I knew why you shied away from me, or at least I thought I did. Exchanging such physical gestures of affection would make it more difficult to carry on acting as though sleeping with a person of the same sex was no more than an innocent exploration of our bodies and our sexuality. It would take our relationship to a new and more serious level, and you weren’t quite ready for that yet. There was so much at stake, you needed time, so I decided to stop coming on to you like that for a while.
But then it happened, what had been bound to happen: our secret got out, the rumour that we were gay began to
spread and we were forced into making the decision that we had put off making for so long.
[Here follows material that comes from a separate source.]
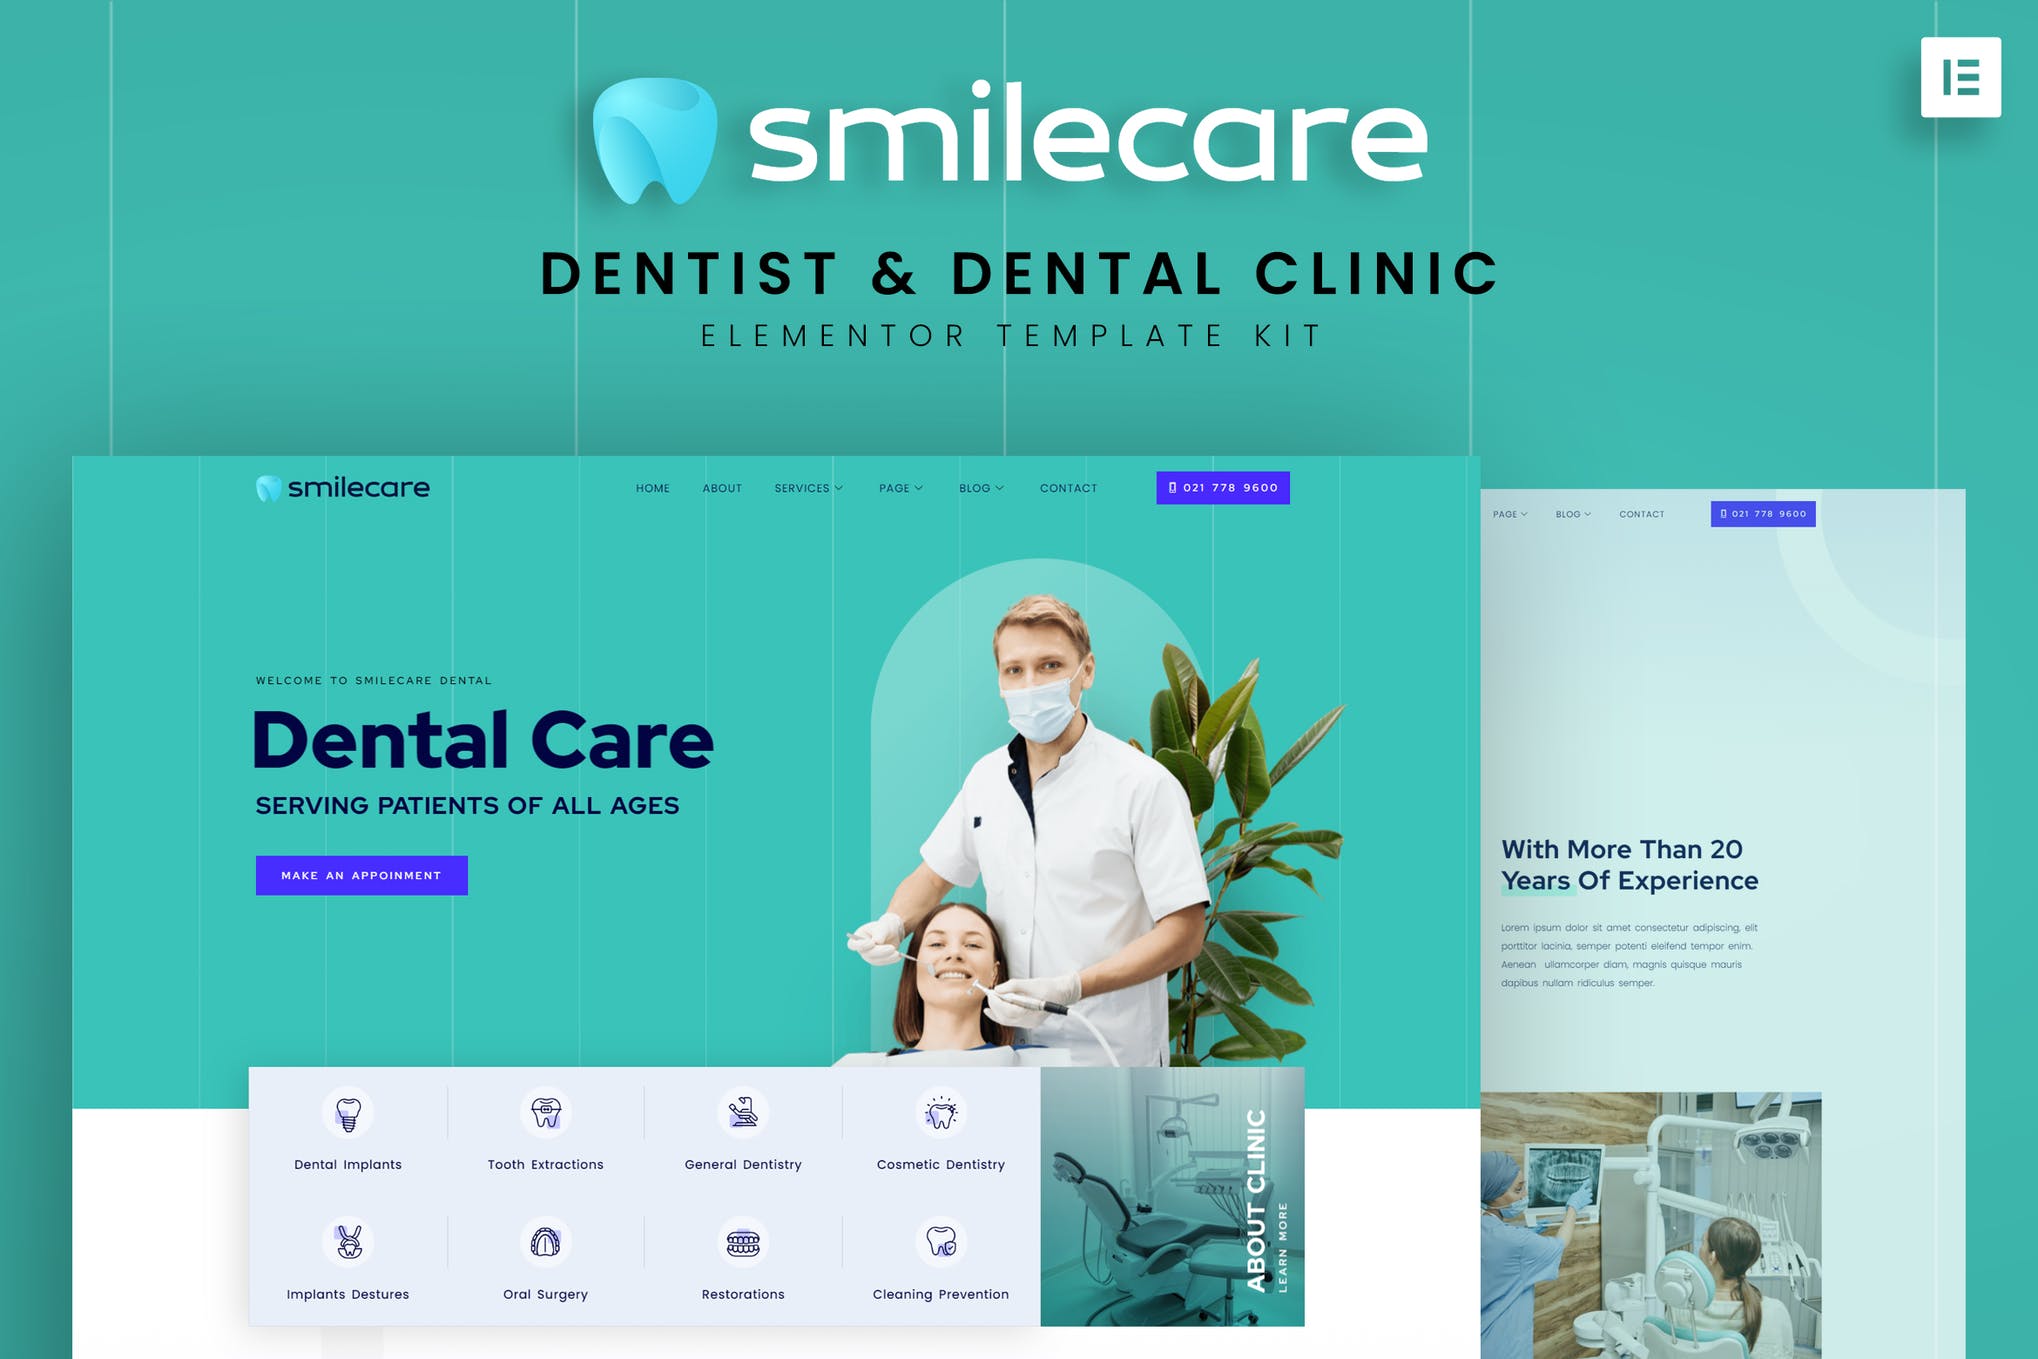 Smilecare - Dentist & Dental Clinic Elementor Template Kit

Mum never got what you’d call drunk, certainly not when I was around, but one evening, when she had braved the pain of the fibrositis and the attendant dread of social gatherings and gone to one of those hen parties that she had been to so often in the past, she came home in a taxi at half-past eight, obviously plastered and with a bitter, tortured look on her face. “If only it had been you and not your brother whose balls had been ruined. You don’t need yours, anyway,” she said as I crouched down to help her off with her shoes, and after a brief fit of hysterical laughter she put her hands to her face and burst into tears. Later, I discovered that the owner of the campsite had got hold of your name by checking the registration number of the moped and that this was where the rumour about us being gay had started. But just at that moment I couldn’t figure out where Mum’s friends could have heard what they’d heard, and so I sat there listening numbly to an incoherent, tearful account of how the party’s hostess, seemingly in all innocence but secretly desperate to humiliate her, had asked Mum ever so sweetly if it was true that I was gay, and that I was going out with the vicar’s stepson. According to Mum, the other women at the party had spent the whole evening talking at great length and in glowing terms about their own husbands, children and grandchildren, and in the endless competition to see who was the happiest and most successful, Mum had milked me and my excellent school grades for all I and they were worth, “just to have this thrown in my face”, as she put it.